– Извините, что? – повторила Вэл, повысив голос, подогрев грозные нотки еще на несколько градусов.
– В общем… в общем…
– Извините, что? – она шагнула к нему, сжав кулаки, склонив голову набок. Типа «да что вы говорите, просто ушам своим не верю!». Я бы тоже не поверила.
Охранник поперхнулся словами:
– Н-нет, н-нет, я ничего… Просто… желаю вам удачи. Извините.
И с этими словами вышел из здания. И дверь за ним закрылась, и он еще секунду стоял там, моргая, глядя на Вэл. А потом повернулся к нам спиной и стремительно удалился.

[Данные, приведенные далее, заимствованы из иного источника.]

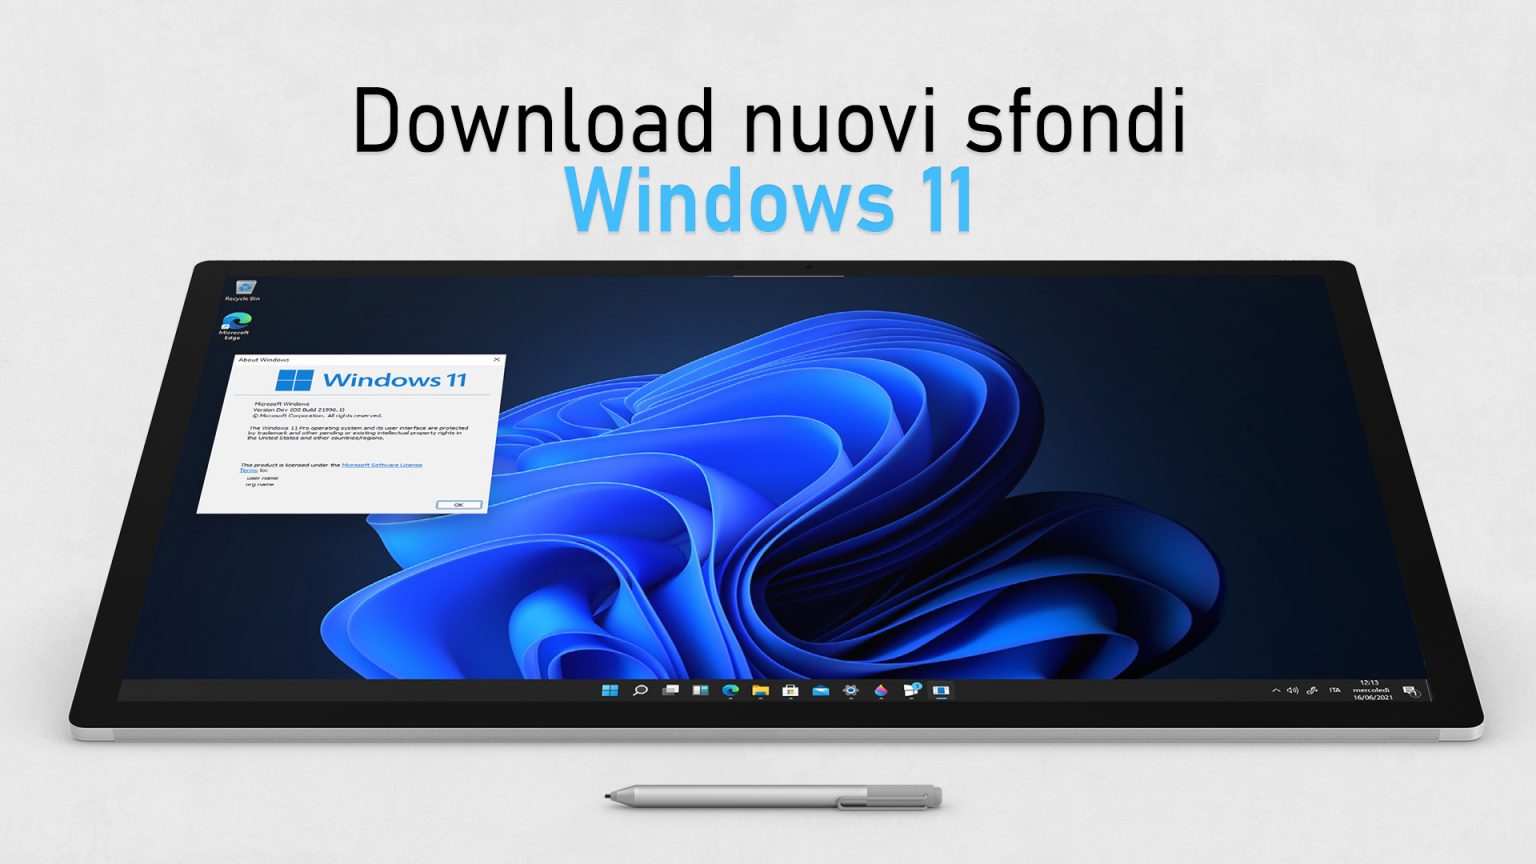 Windows 11 : Download nuovi sfondi ufficiali di Windows 11 / Windows 11 download 64bit full version to microsoft windows 11 windows 11 window 11 win 11 next windows os new windows windows 11.

Мы проводили его взглядами: он почти бежал к служебной машине.
– Слышь, Вэл, – сказала я вполголоса.
– Да?
– По-моему, зря ты раздумала быть актрисой.
Она фыркнула:
– Спасибо.
– Это было потрясающе. Особенно финал. По-моему, если бы ты попросила, он бы даже ключи тебе отдал.
Вэл ухмыльнулась:
– Это «Извините, что?» – два волшебных слова. Срабатывает, наверно, в трех случаях из четырех. Если говоришь: «Извините, что?» – вредным, хамским тоном и повторяешь снова и снова, повышая голос, перед тобой все типа как капитулируют.
– Надо запомнить.
Охранник все еще сидел в машине. Уезжать не торопился.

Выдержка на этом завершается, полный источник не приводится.